И тут что-то вскользь ударило ее по виску. Ударило довольно сильно, – от неожиданности Ки чуть не выпустила воздух из легких, но веревку не потеряла. О том, что за твари могли находиться здесь, под водой, подле нее, лучше было не думать. Рыбы-людоеды?.. Сколько угодно. Ничего поделать все равно было нельзя. Ки что было сил подергала веревку, надеясь на ответный рывок, но его не последовало. Может, запуталась где-нибудь дальше внизу. Не Вандиен же ее, в самом деле, так туго натягивает. Особенно после такого долгого пребывания под водой… Ки не могла ни рассмотреть его там, ни даже окликнуть. Если Вандиен действительно ушел туда, вниз, это скорее всего был его последний выбор и последний путь. Соленая вода жгла Ки глаза. Она попятилась…

…и снова ощутила возмущение воды и прикосновение к плечу. Только теперь шевеление было гораздо слабее, чем в первый раз. Тем не менее, что-то двигалось в воде мимо нее. Когда щеки молодой женщины коснулась ткань одежды, она инстинктивно схватила нечто, оказавшееся человеческой ногой. Нога слабо дернулась и обмякла. Ки крепко держалась за веревку: нет уж, она ее не отпустит ни под каким видом. На ее капюшон опустилась рука и осталась там, запутавшись в ткани. Ки зажала пойманную ногу под мышкой и ухватилась за канатик обеими руками. Нога больше не дергалась, но рука на ее капюшоне сжала пальцы и не отпускала. Держись, отчаянно призывала Ки, подтягиваясь наверх по веревке. Держись, не покидай меня!.. Воздух норовил вырваться из груди. Держись!..
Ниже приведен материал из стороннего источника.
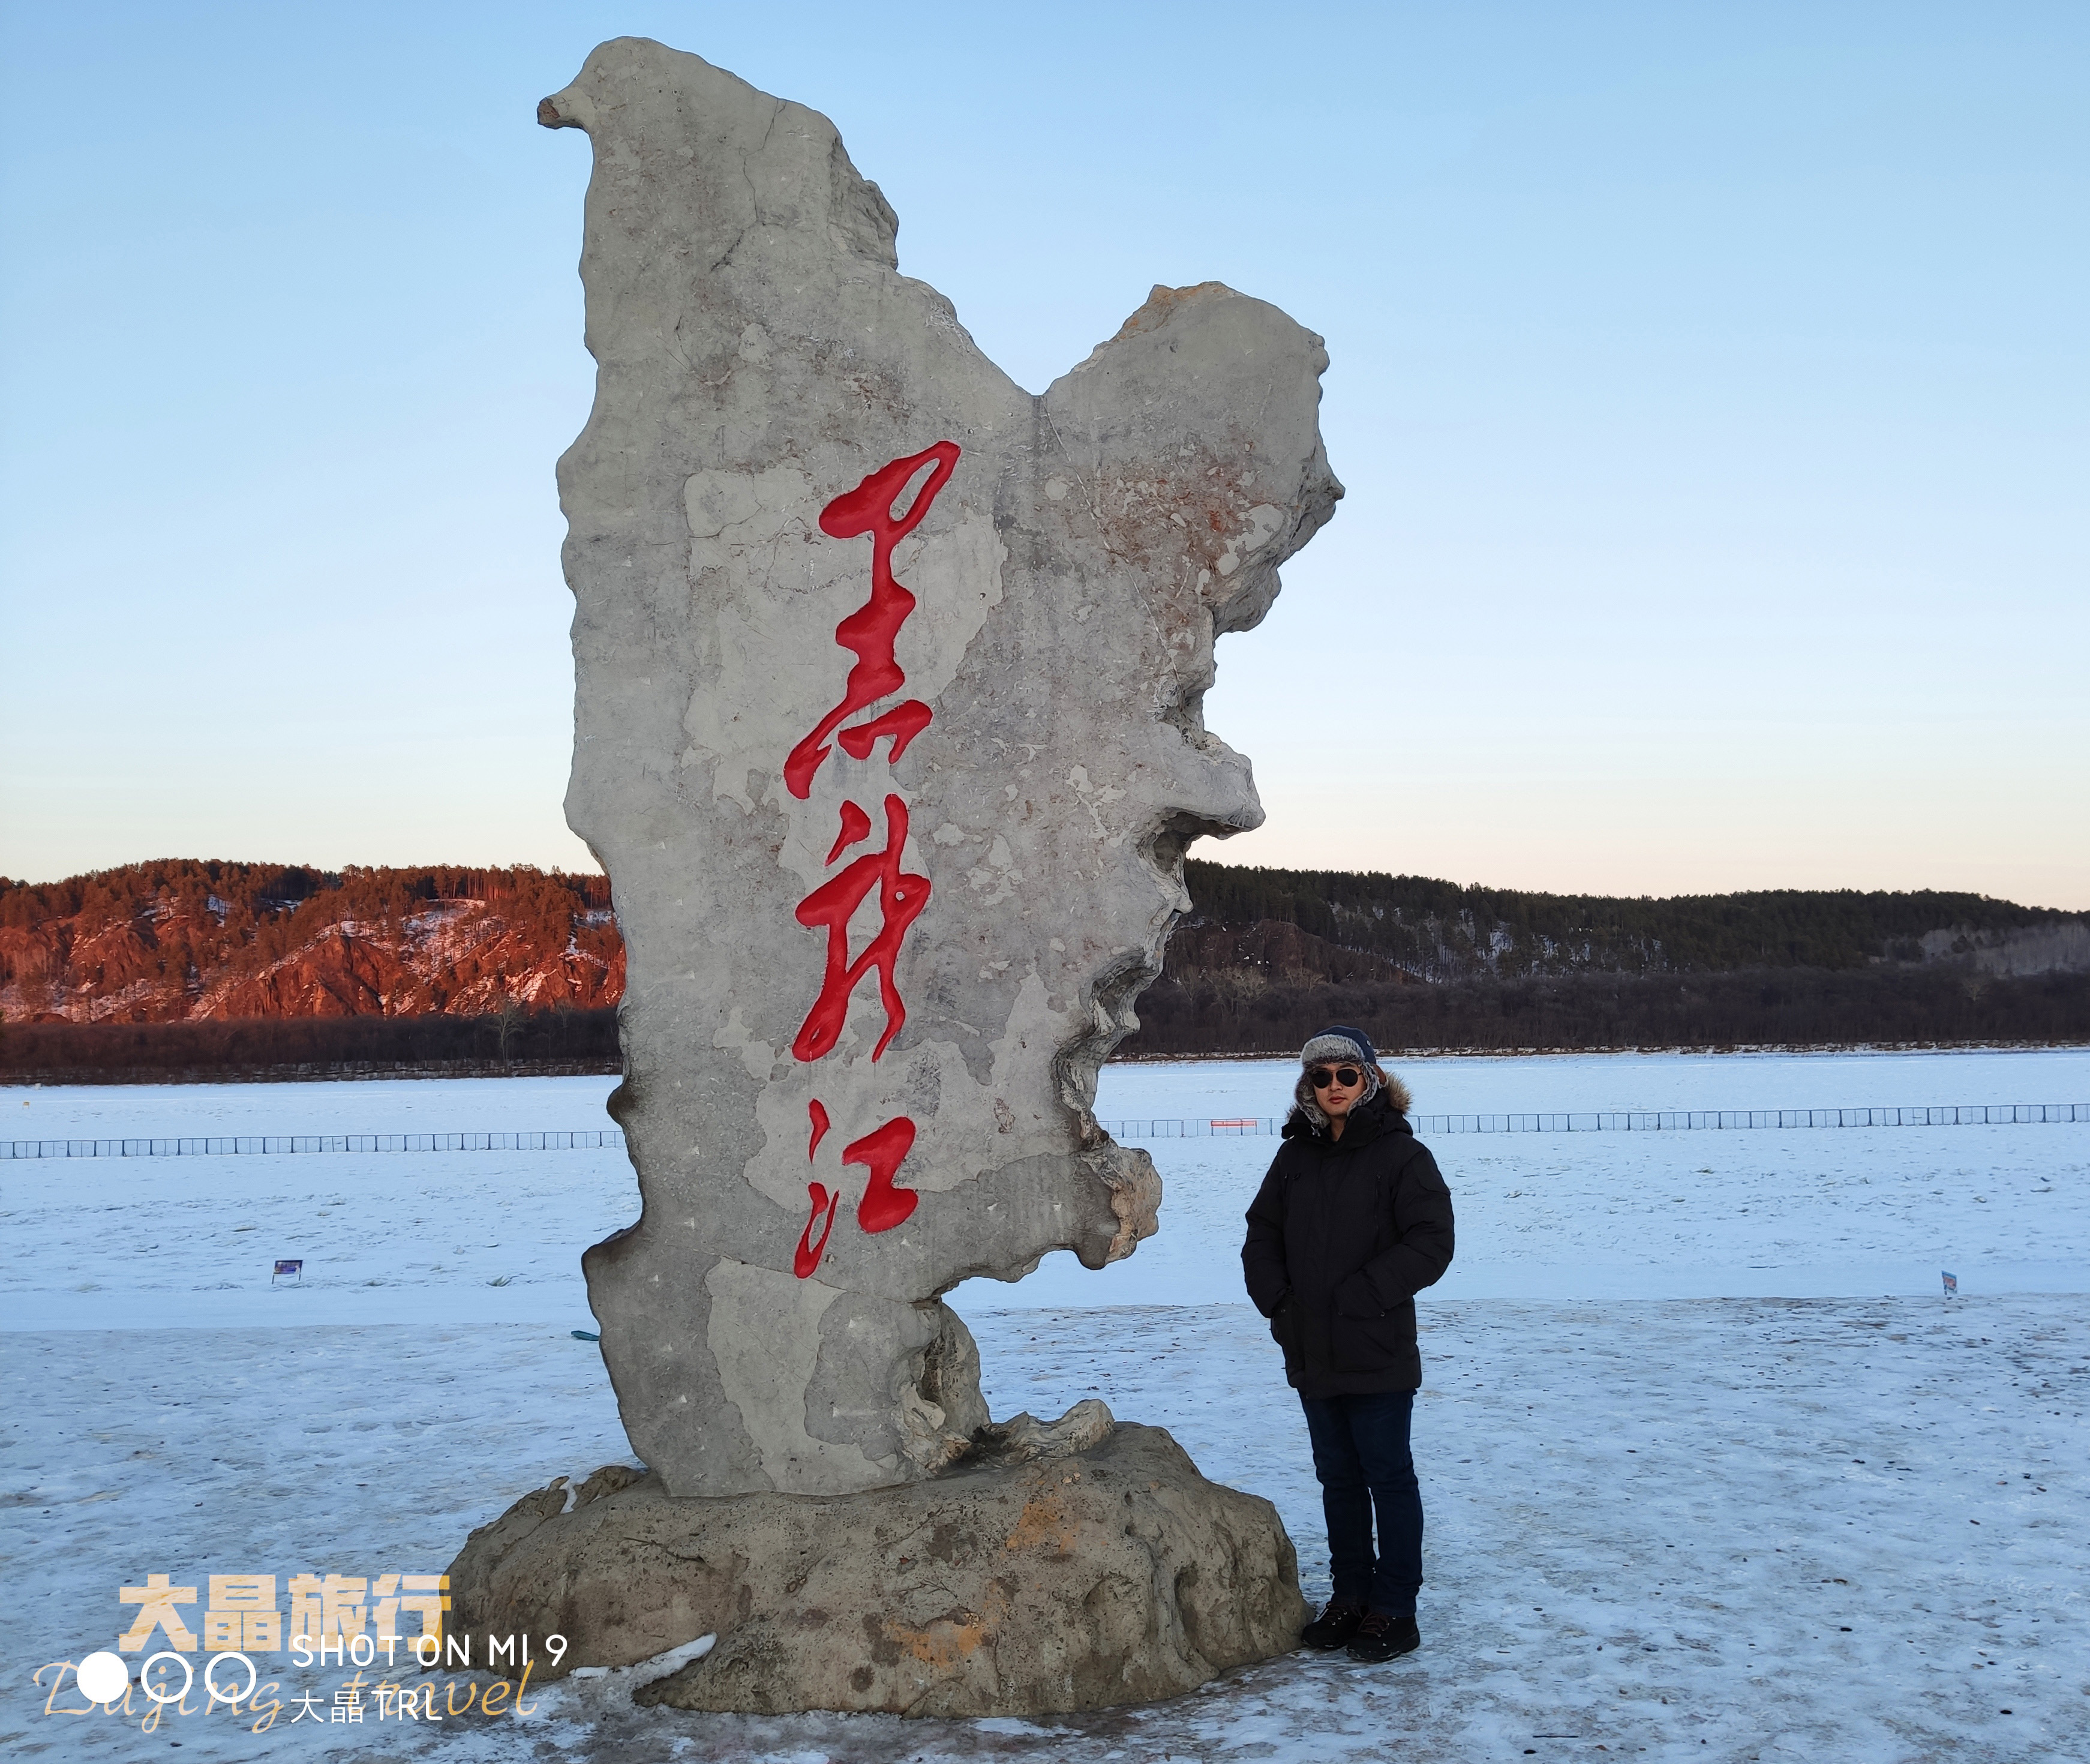 大叔冬季自驾漠河,带你看看普通镜头下的北极村和中国最北点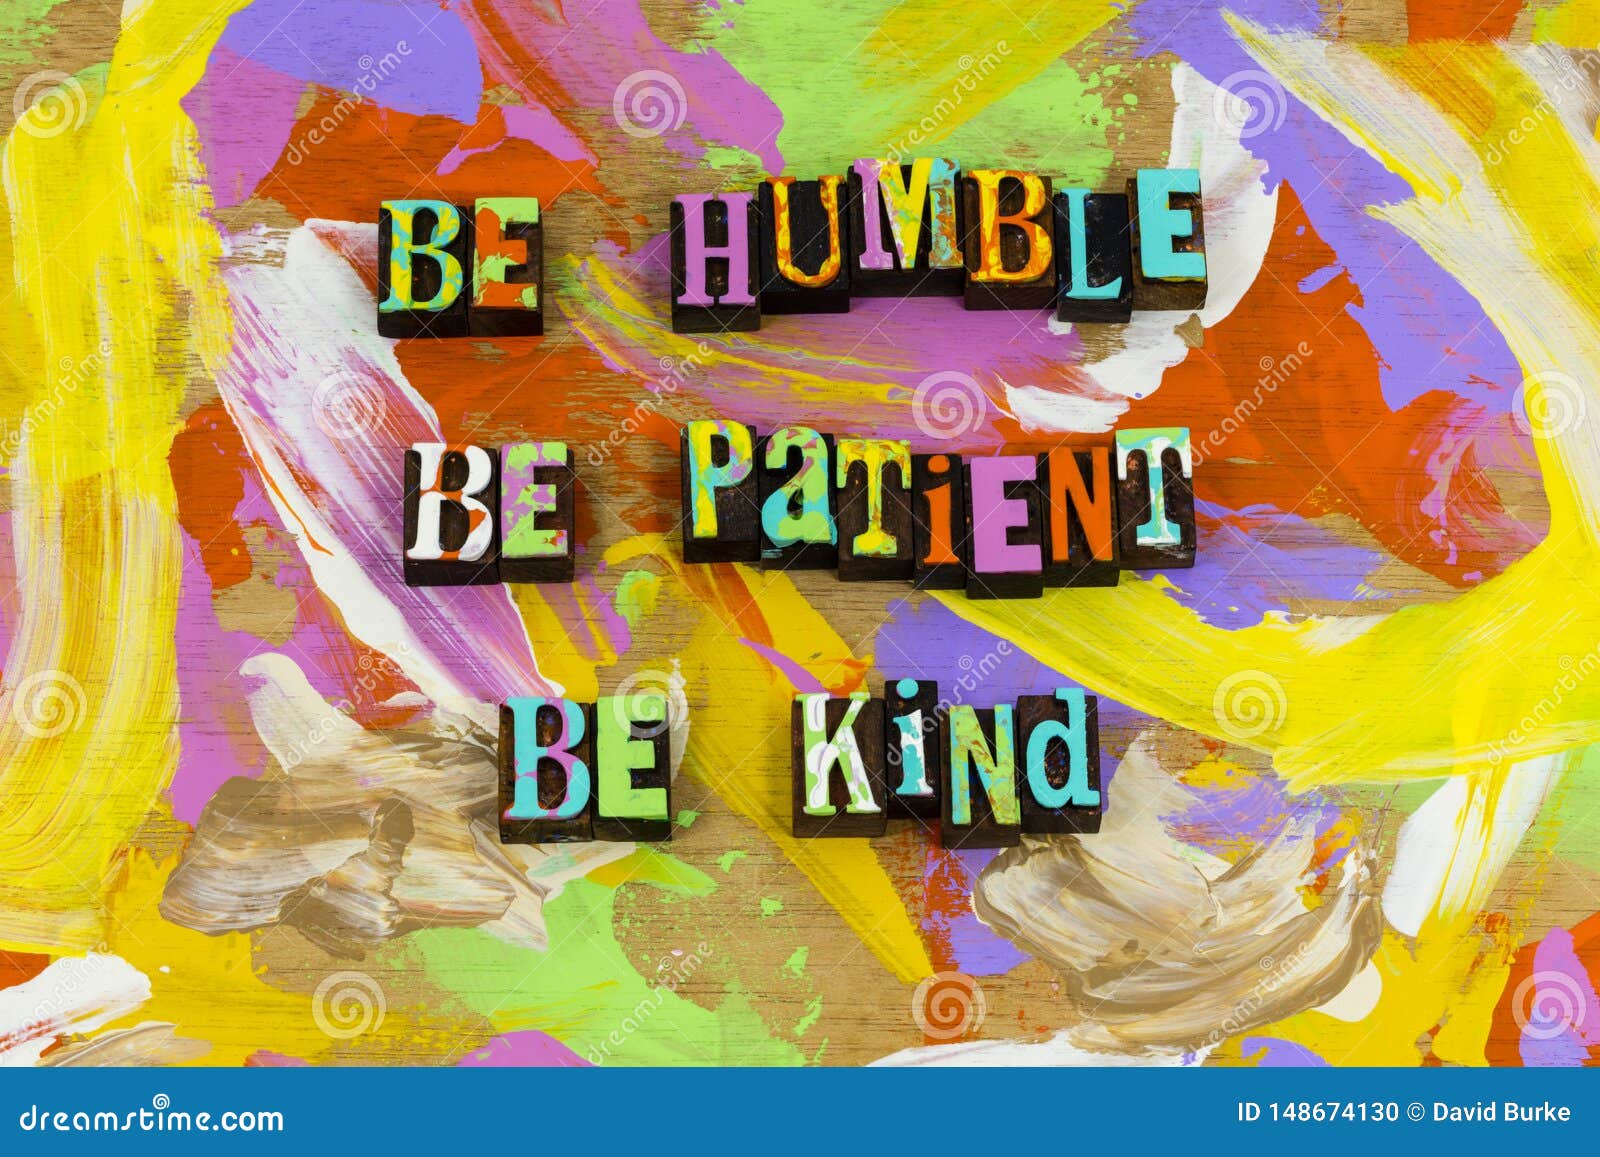 be nice humble honest patient gentle kind happy people

Вырвавшись, наконец, на поверхность, Ки сразу ощутила на своих плечах его вес, а потом Джени неуклюже попыталась поддержать его за плечо. Ки обхватила Вандиена за бедра и, поднатужившись, взвалила беспомощное тело на плотик, едва не перевернув при этом фонарь и окатив весь плотик водой. С Вандиена текло ручьями. Он попытался дышать: наружу хлынула вода. У него не было сил даже выплюнуть ее изо рта. Он слабо закашлялся, давясь. Джени стояла столбом, парализованная страхом. Ки метнула на нее испепеляющий взгляд, но та и не заметила. Она таращилась на Вандиена, словно на рыбу неизвестной породы. Ки дотянулась, взяла его за плечо и перевернула к себе лицом. Она хотела говорить, но никак не могла отдышаться, да и слов не было. Вандиен снова закашлялся, на сей раз было видно, что человек оживает. Одно веко затрепетало и приподнялось. Вандиен смотрел на Ки, и вид у него был очень несчастный.

– Чуть не потонул там… – выговорил он. Ки с трудом расслышала его, но поразилась почти спокойному тону. Примерно так же он мог бы пожаловаться на не в меру изрытую дорогу.

– Это я вообще-то заметила, – ответила она, тоже как ни в чем не бывало.

Уголки губ Вандиена поползли вверх, и ей показалось, что сейчас на него снова нападет кашель, но нет – он вздохнул еще несколько раз, а потом… начал смеяться. Он попытался приподняться, но не смог. И в самом деле закашлялся. Ки обхватила его за плечи и поймала себя на том, что улыбается. Джени недоуменно взирала на них обоих, явно не понимая, до какой степени это смешно – остаться в живых.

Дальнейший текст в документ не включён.